Highlight: The authors carefully construct small, targeted synthetic benchmarks that do not resemble natural language, yet have high concurrence with SQuAD, demonstrating that naturalness and size are not necessary for reflecting historical modeling improvements on SQuAD.
Highlight: This paper is the first survey of over 150 studies of the popular BERT model. We review the current state of knowledge about how BERT works, what kind of information it learns and how it is represented, common modifications to its training objectives and architecture, the overparameterization issue, and approaches to compression. We then outline directions for future research.
Model Distillation and Ethics
Model distillation helps large models to maintain strong performance when being compressed to a tiny model which is runnable in small devices such as a regular smartphone. While people have been developing more complicated versions of model distillation, can we also do debiasing when distilling neural models?

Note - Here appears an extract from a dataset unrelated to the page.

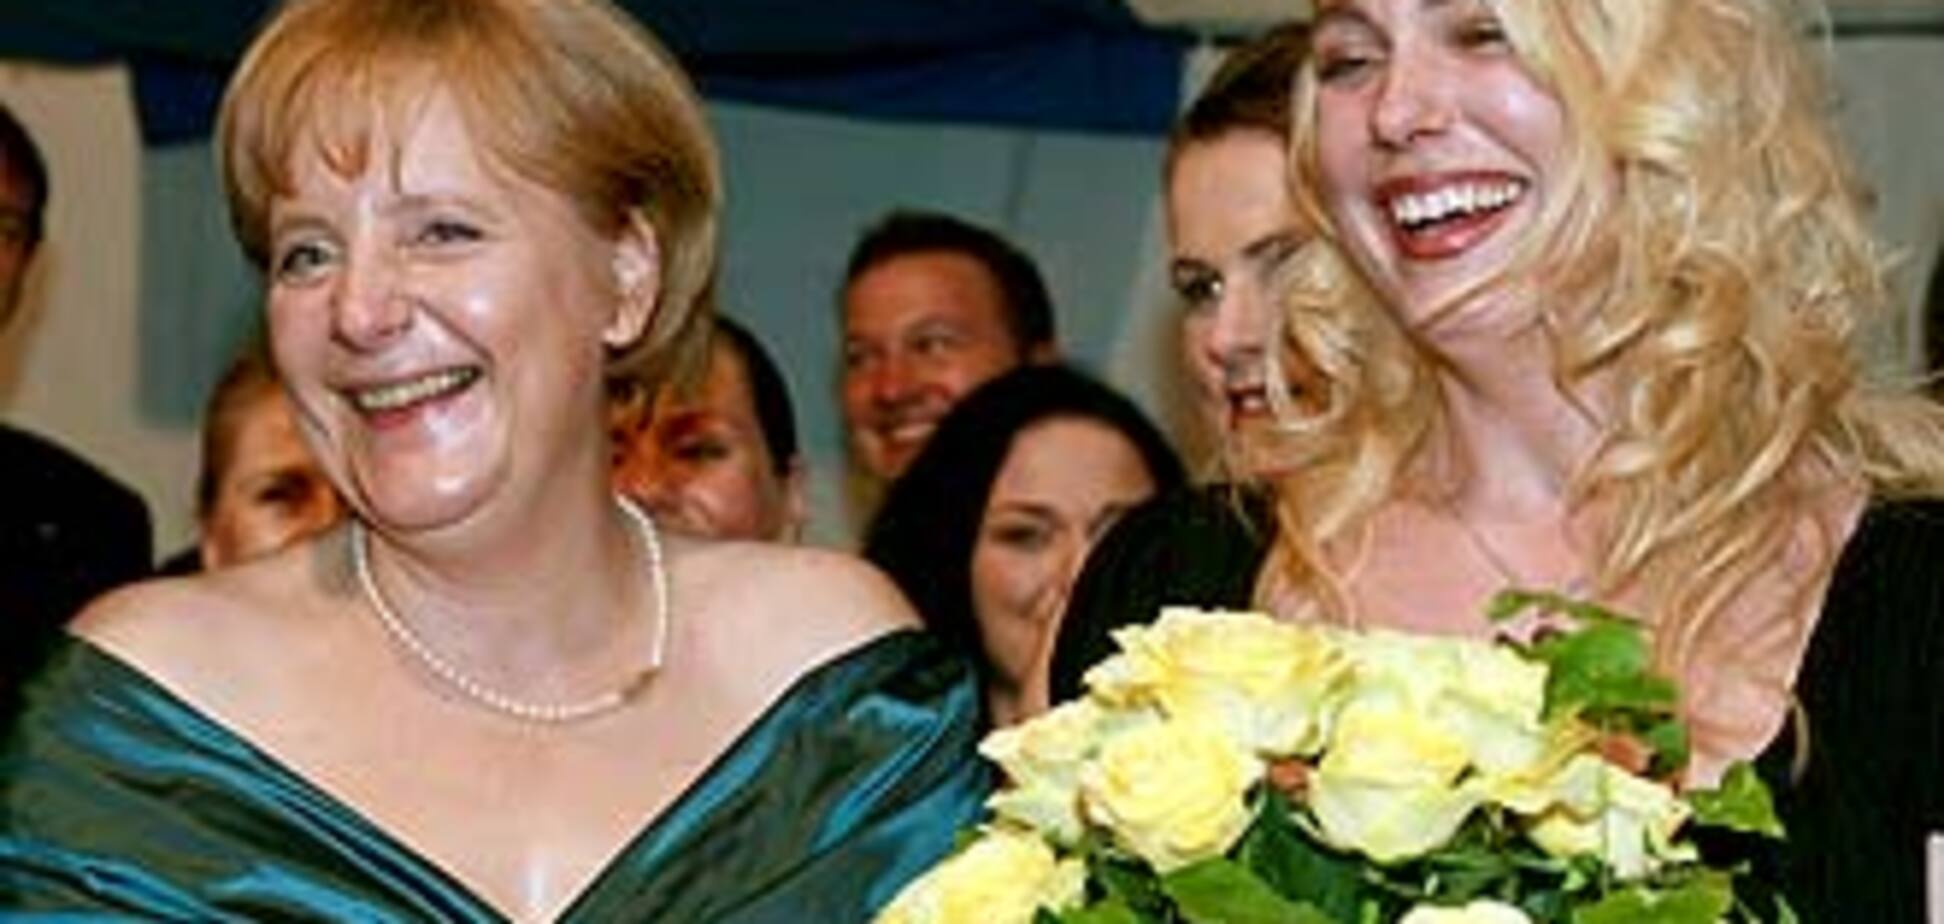 Ангела Меркель меняет мешковатую одежду на открытые платья

Highlight: This paper proposes a method to pre-train a smaller generalpurpose language representation model, called DistilBERT, which can then be finetuned with good performances on a wide range of tasks like its larger counterparts.
Highlight: This paper present the first step to bridge this gap by introducing a self-debiasing framework that prevents models from mainly utilizing biases without knowing them in advance. The proposed framework is general and complementary to the existing debiasing methods.
Highlight: This paper addresses the trade-off between out-of-distribution performance v.s. in-distribution performance when debiasing by introducing a novel debiasing method, called confidence regularization, which discourage models from exploiting biases while enabling them to receive enough incentive to learn from all the training examples.